The boxes can be seen in the two images in https://www.mlb.com/news/rockies-humidor-stories.  If they’re open (and not stacked or otherwise covered to restrict airflow), this is fine and at least as good as whatever was done before today.  If the boxes are closed, it could be a real problem.  Like the nylon ball bag, this is also a restricted-flow environment, and unlike the nylon ball bag, some balls will *definitely* get in the box before they’ve had time to evaporate off (since they go in shortly after mudding)

I have one Rawlings box without all the dividers.  The box isn’t airtight, but it’s hugely restricted airflow.  I put 3 moistened balls in the box along with a hygrometer and the RH increased 5% and the balls lost moisture about half as fast as they did in free air.  The box itself absorbed no relevant amount.  With 6 moistened balls in the box, the RH increased 7% (the maximum moistened balls in a confined space will do per prior research) and they lost moisture between 1/3 and 1/4 as fast as in free air.

Unlike the experiments in the previous post where the balls were literally sealed, there is still some moisture flux off the surface here.  I don’t know if it’s enough to stop the balls from going to hell.  It would take me weeks to get unmudded equilibrated balls to actually do mudding test runs in a closed box, and I only found out about this change yesterday with everybody else.  Even if the flux is still sufficient to avoid the balls going to hell directly, the evaporation time appears to be lengthened significantly, and that means that balls are more likely to make it into the closed nylon bag before they’ve evaporated off, which could also cause problems at that point (if there’s still enough time for problems there- see previous section).

The 3 and 6 ball experiments are one run each, in my ball box, which may have a better or worse seal than the average Rawlings box, and the dividers may matter (although they don’t seem to absorb very much moisture from the air, prior post), etc.  Error bars are fairly wide on the relative rates of evaporation, but hygrometer don’t lie.  There doesn’t seem to be any way a closed box isn’t measurably restricting airflow and increasing humidity inside unless the box design changed a lot in the last 3 years.  Maybe that humidity increase/restricted airflow isn’t enough to matter directly or indirectly, but it’s a complete negative freeroll.  Nothing good can come of it.  Bad things might.  If there are reports somewhere this week that tons of balls were garbage, closed-box storage after mudding is the likely culprit.  Or the instructions will actually be uncovered open box (and obeyed) and the last 5 paragraphs will be completely irrelevant.  That would be good.

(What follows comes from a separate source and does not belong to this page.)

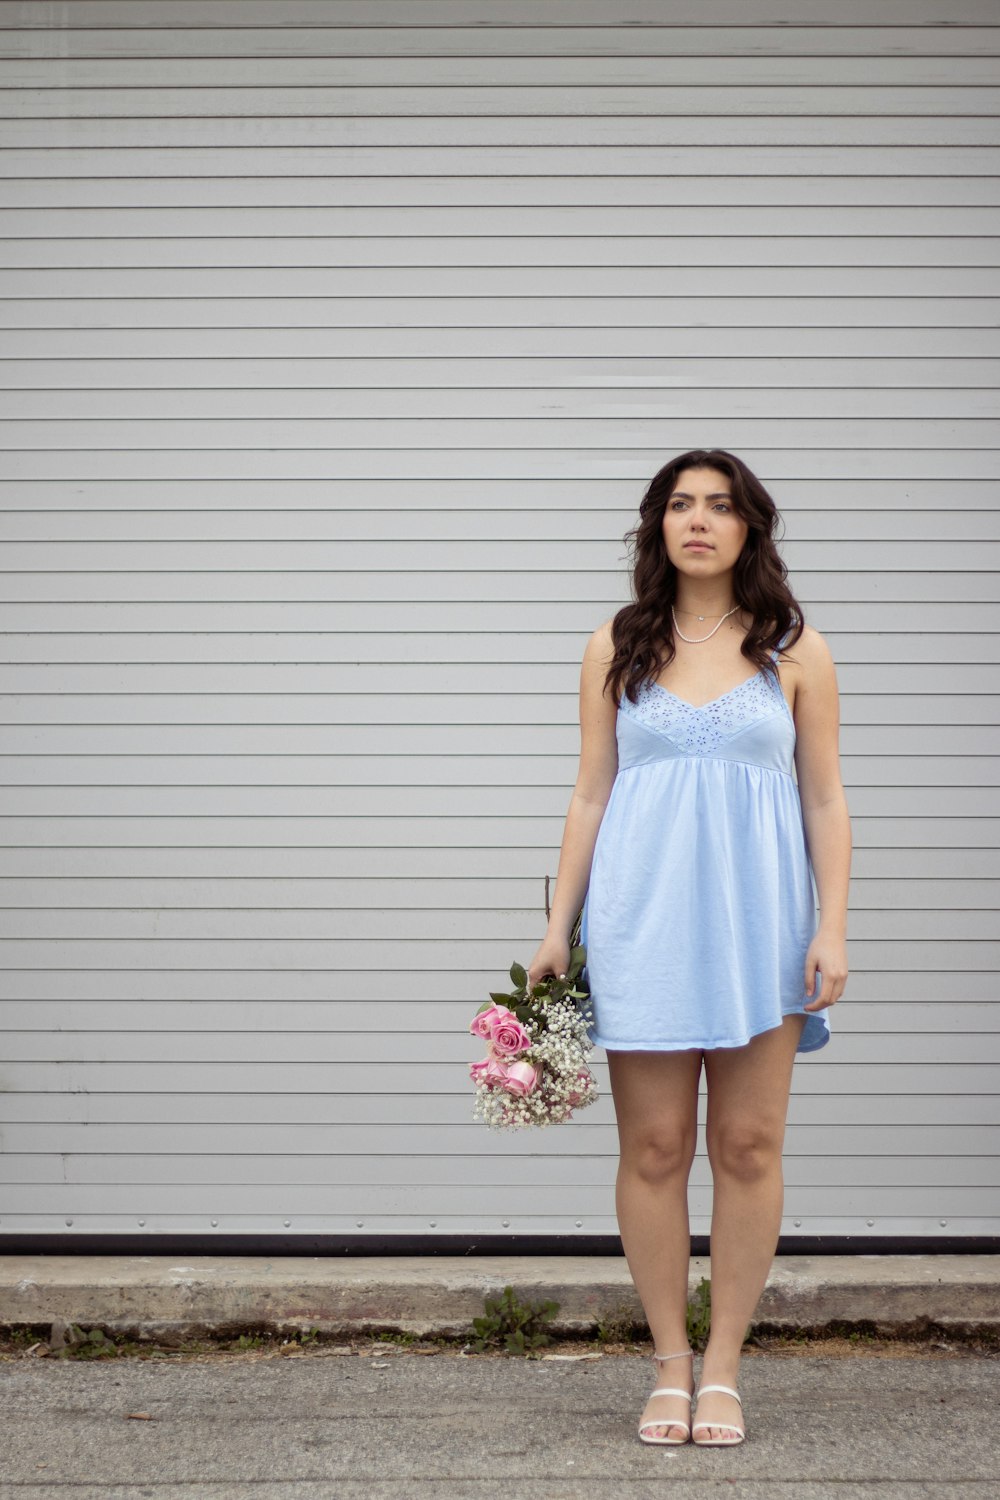 a woman standing in front of a garage door holding a bouquet of flowers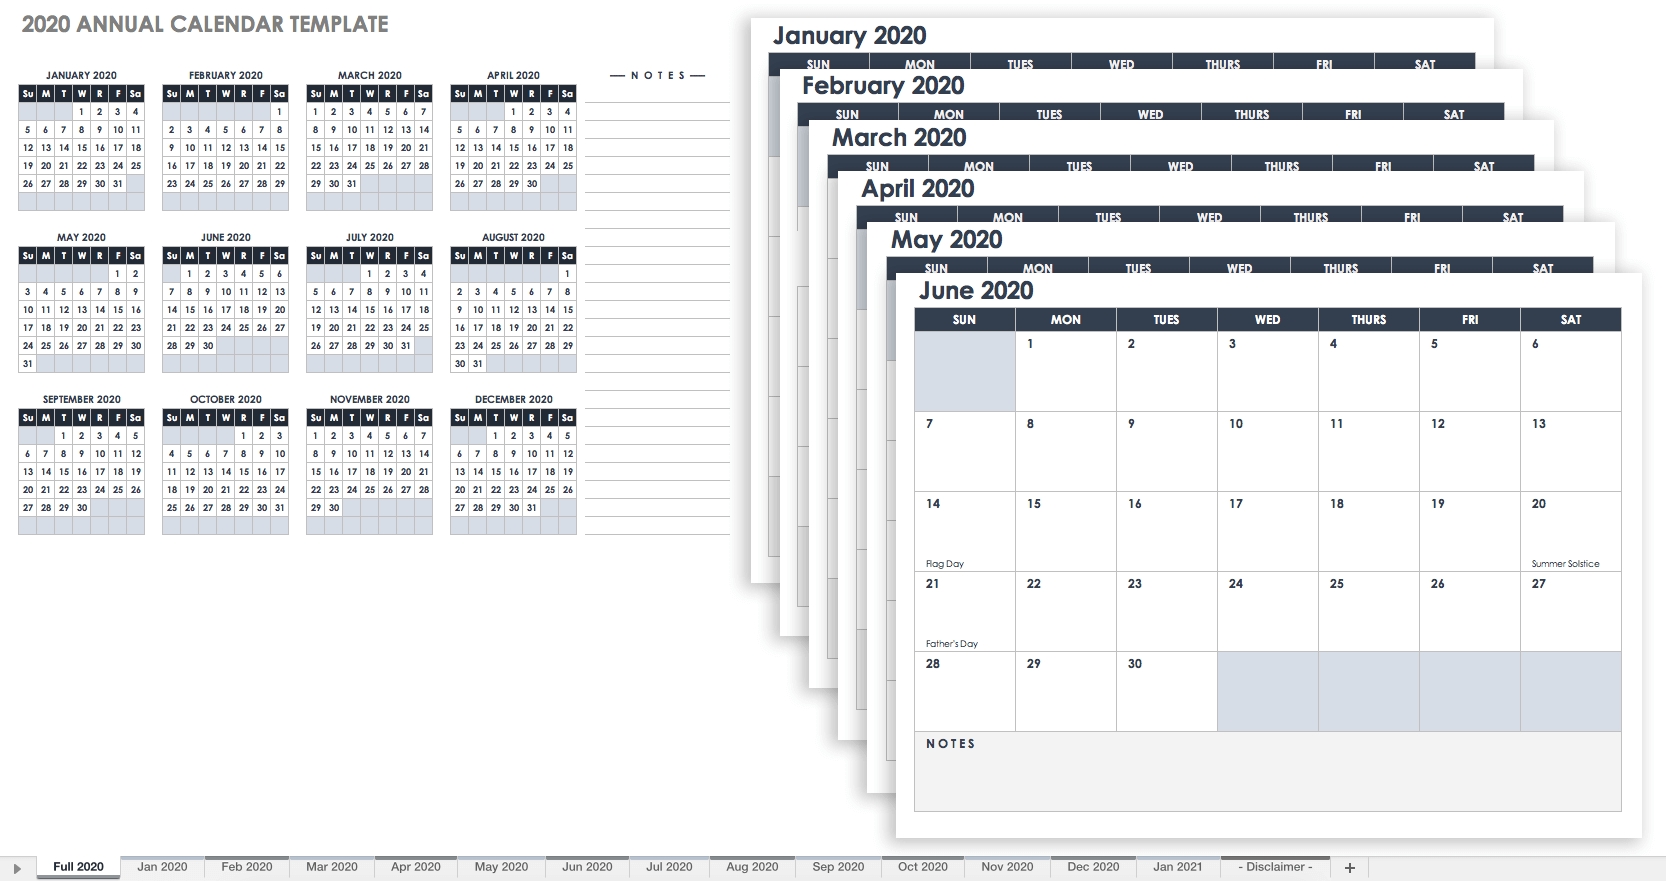 Free Blank Calendar Templates - Smartsheet Monthly Calendar Without Dates

Conclusion: A few of the changes are obviously common-sense good.  Gameday mudding continues to make no sense to me and looks like it’s just asking for trouble.  Box storage in the humidor after mudding, if the boxes are closed, may be introducing a new problem. It’s unclear to me if the new ball-bag procedures reduce time sufficiently to prevent restricted-airflow problems from arising there, although it’s at least clearly a considered attempt to mitigate a potential problem.